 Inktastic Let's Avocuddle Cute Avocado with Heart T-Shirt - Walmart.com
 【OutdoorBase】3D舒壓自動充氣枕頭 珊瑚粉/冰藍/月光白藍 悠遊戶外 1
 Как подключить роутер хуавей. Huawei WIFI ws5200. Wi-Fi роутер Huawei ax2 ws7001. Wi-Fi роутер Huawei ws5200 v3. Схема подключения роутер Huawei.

---

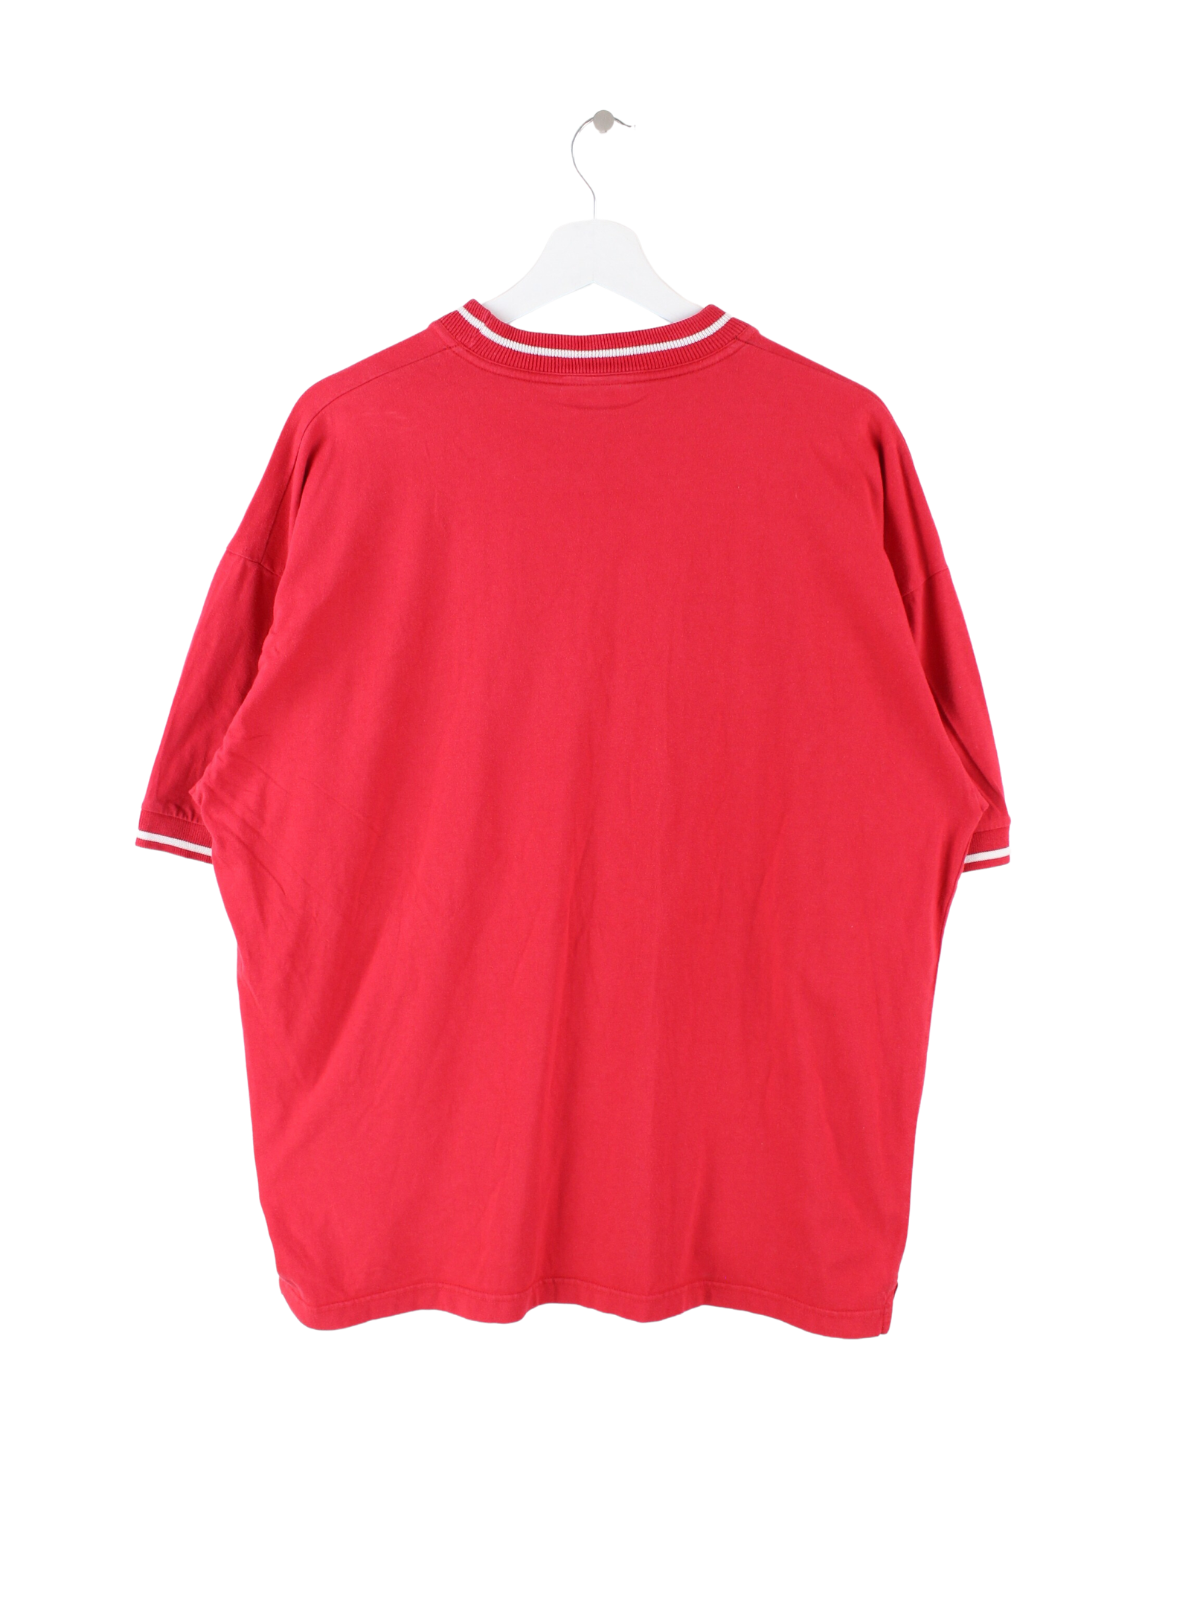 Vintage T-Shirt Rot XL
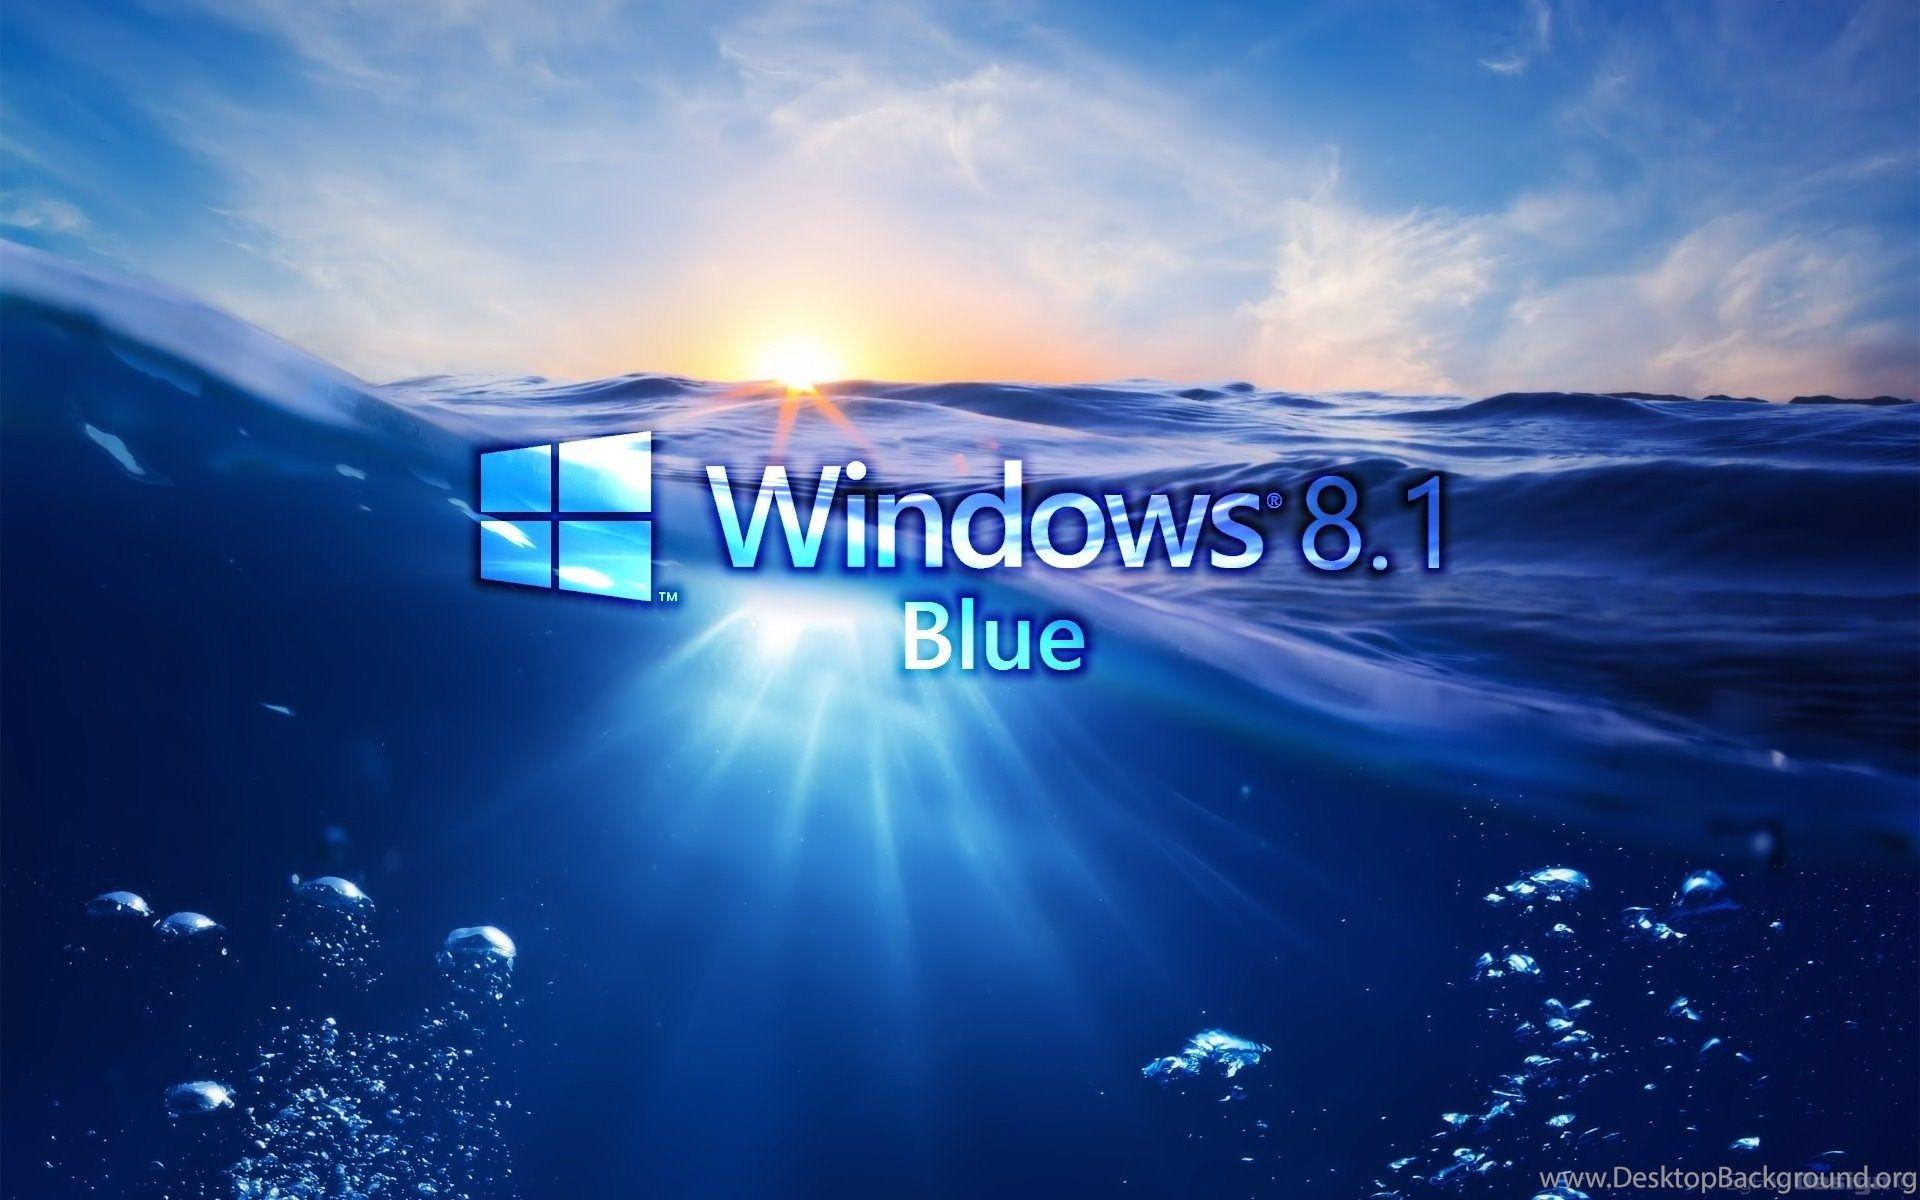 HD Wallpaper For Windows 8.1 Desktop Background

▸ **What you have to do**
Beginning with the line that has "珊瑚粉/冰藍/月光白藍 悠遊戶外 1" and ending with the line that has "Как подключить роутер", set down the lines above exactly and include no others.

▸ **Exercise solution**
 【OutdoorBase】3D舒壓自動充氣枕頭 珊瑚粉/冰藍/月光白藍 悠遊戶外 1
 Как подключить роутер хуавей. Huawei WIFI ws5200. Wi-Fi роутер Huawei ax2 ws7001. Wi-Fi роутер Huawei ws5200 v3. Схема подключения роутер Huawei.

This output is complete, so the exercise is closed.